All three received tax receipts indicating a fair market value of greater than
$20,000.

The CRA argued the donation receipt should be restricted to the lesser
amounts actually paid to purchase the prints, as this was indicative of fair
market value.

The Tax Court of Canada judge had dismissed the CRA's argument, agreeing with
the taxpayers' experts regarding fair market value of the prints. This week,
however, the Federal Court of Appeal reversed all three lower court decisions
and ruled the taxpayers were restricted to claims equal to the amount they paid
for the prints.

The Court of Appeal said the lower court made a "palpable and overriding"
error in finding the "fair market value of property to be three times the amount
paid for the property with no credible explanation."

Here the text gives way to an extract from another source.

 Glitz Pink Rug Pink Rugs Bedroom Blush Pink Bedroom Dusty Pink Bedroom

"Buy low, donate high" tax shelters had almost entirely, been eliminated
under new tax legislation introduced in December, 2003, to effectively block
these types of arrangements. However, the current crop of shelters claim they
are unaffected by the legislation's new proposed rules.

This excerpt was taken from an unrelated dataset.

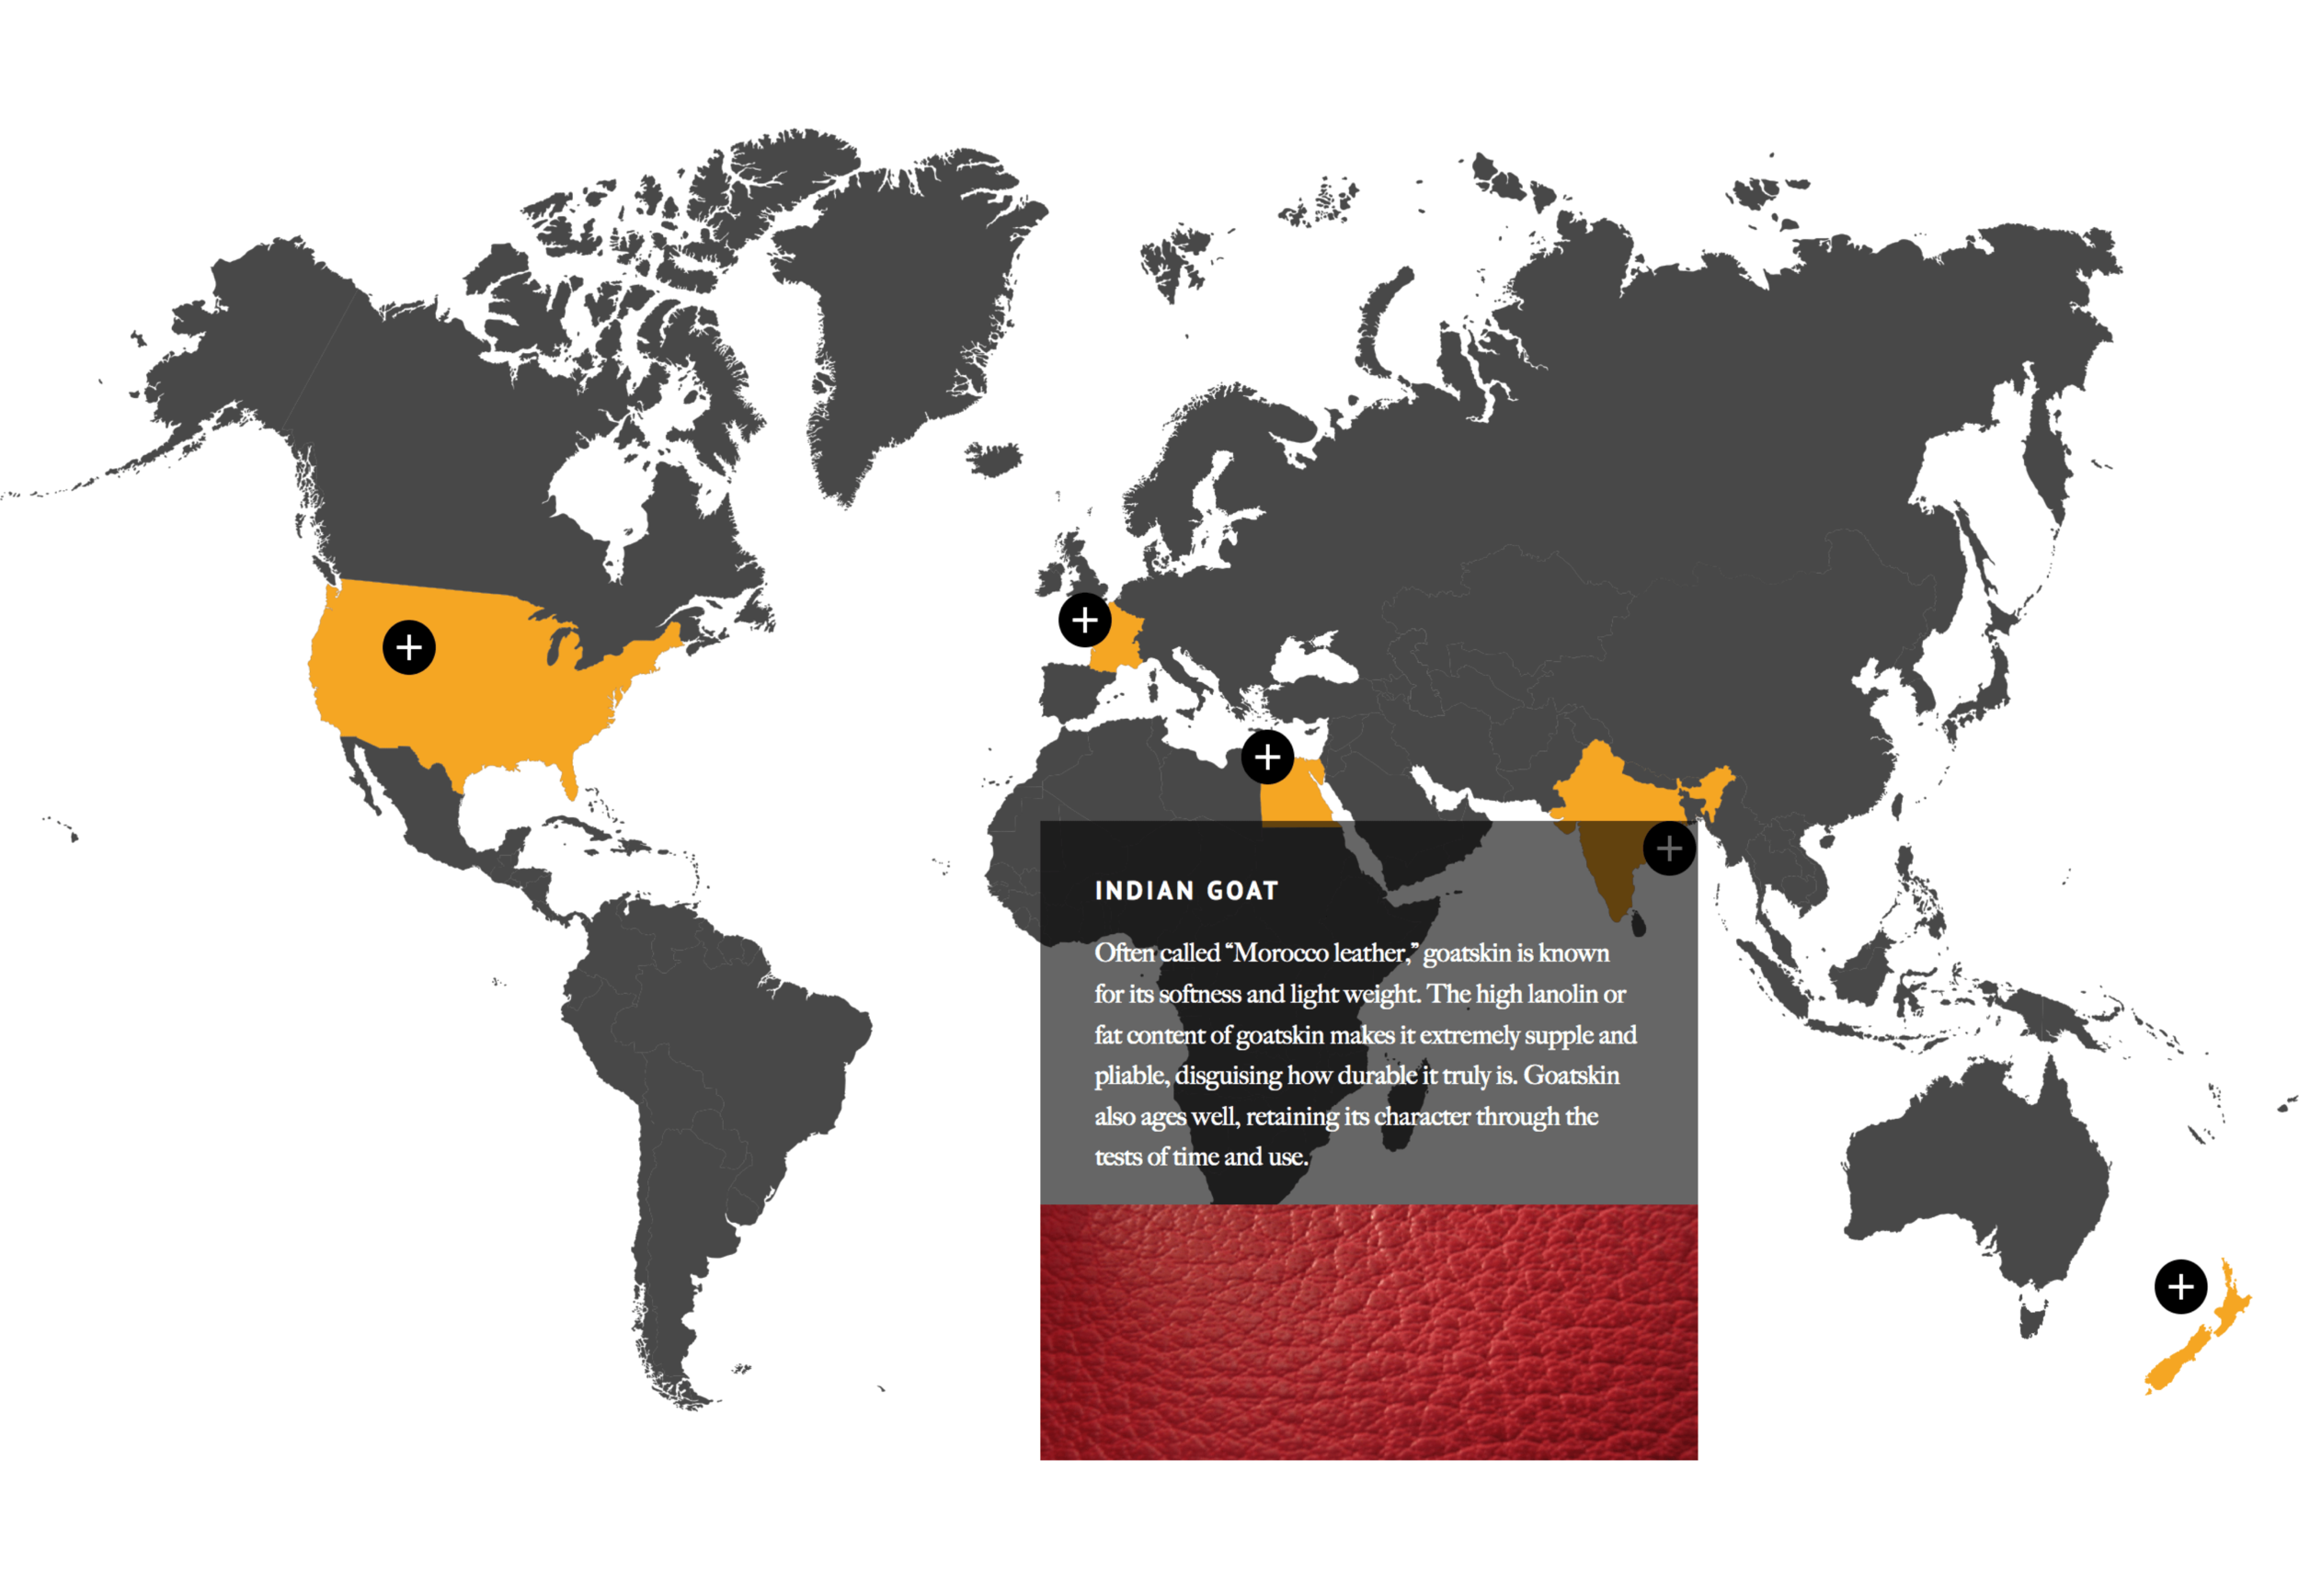 bluprint-case-studies-tusk-sourcing-map.png

Independent tax and legal advice should be sought before investing in any
donation scheme. The cases released this week demonstrate the fair market value
of donated property is always a contentious issue, and may be aggressively
attacked by the CRA if the agency feels such a value is inflated.

David Chodikoff, the head of the tax litigation group at Goodman and Carr LLP
in Toronto, says these new laws are "unlikely to put a halt to the donation tax
shelter plans. Such shelters have an appeal and promoters will continue to
exploit that interest to recruit participants.... Only when a sufficient number
of taxpayers go to court and lose ... [is it] probable that we will not see
these types of tax shelters again."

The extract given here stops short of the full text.